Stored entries
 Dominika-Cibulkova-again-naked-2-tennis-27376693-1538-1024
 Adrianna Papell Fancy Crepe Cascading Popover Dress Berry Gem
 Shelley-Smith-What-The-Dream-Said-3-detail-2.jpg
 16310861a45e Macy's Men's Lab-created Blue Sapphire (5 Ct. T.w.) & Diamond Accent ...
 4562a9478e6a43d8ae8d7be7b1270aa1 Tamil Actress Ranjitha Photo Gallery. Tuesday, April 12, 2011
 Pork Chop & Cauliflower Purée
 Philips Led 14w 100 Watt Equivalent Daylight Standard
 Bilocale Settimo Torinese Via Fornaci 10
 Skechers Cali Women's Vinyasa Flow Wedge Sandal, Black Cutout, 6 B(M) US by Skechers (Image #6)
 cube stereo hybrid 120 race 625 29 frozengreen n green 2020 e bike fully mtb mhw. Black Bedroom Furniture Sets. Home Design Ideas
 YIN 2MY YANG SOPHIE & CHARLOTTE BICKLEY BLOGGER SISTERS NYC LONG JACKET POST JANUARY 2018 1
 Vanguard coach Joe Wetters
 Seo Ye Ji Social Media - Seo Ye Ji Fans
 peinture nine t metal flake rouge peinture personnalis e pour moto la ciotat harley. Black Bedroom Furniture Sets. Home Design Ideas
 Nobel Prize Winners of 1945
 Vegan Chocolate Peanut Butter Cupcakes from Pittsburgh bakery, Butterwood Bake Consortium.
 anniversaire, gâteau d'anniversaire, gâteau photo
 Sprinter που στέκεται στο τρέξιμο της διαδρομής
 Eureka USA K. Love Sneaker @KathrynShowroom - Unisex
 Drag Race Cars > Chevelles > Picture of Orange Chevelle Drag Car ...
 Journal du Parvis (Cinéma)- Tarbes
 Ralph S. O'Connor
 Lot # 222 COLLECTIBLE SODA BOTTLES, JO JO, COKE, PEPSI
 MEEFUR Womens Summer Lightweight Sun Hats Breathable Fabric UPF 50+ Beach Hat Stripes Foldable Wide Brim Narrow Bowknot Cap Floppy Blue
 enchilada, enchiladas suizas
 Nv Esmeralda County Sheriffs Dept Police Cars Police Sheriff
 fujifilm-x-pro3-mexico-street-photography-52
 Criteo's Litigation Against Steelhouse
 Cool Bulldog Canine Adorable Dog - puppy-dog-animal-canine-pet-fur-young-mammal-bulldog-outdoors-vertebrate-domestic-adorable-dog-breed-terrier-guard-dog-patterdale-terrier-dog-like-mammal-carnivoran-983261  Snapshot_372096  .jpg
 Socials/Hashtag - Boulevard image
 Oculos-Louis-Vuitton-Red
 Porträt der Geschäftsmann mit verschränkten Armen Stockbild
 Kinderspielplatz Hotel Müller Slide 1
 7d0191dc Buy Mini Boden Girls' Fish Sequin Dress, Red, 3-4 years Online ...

Work item:
Copy each line, exactly, that falls between the line containing "fujifilm-x-pro3-mexico-street-photography-52" and the end of the entries, both included.

Answer to the problem:
 fujifilm-x-pro3-mexico-street-photography-52
 Criteo's Litigation Against Steelhouse
 Cool Bulldog Canine Adorable Dog - puppy-dog-animal-canine-pet-fur-young-mammal-bulldog-outdoors-vertebrate-domestic-adorable-dog-breed-terrier-guard-dog-patterdale-terrier-dog-like-mammal-carnivoran-983261  Snapshot_372096  .jpg
 Socials/Hashtag - Boulevard image
 Oculos-Louis-Vuitton-Red
 Porträt der Geschäftsmann mit verschränkten Armen Stockbild
 Kinderspielplatz Hotel Müller Slide 1
 7d0191dc Buy Mini Boden Girls' Fish Sequin Dress, Red, 3-4 years Online ...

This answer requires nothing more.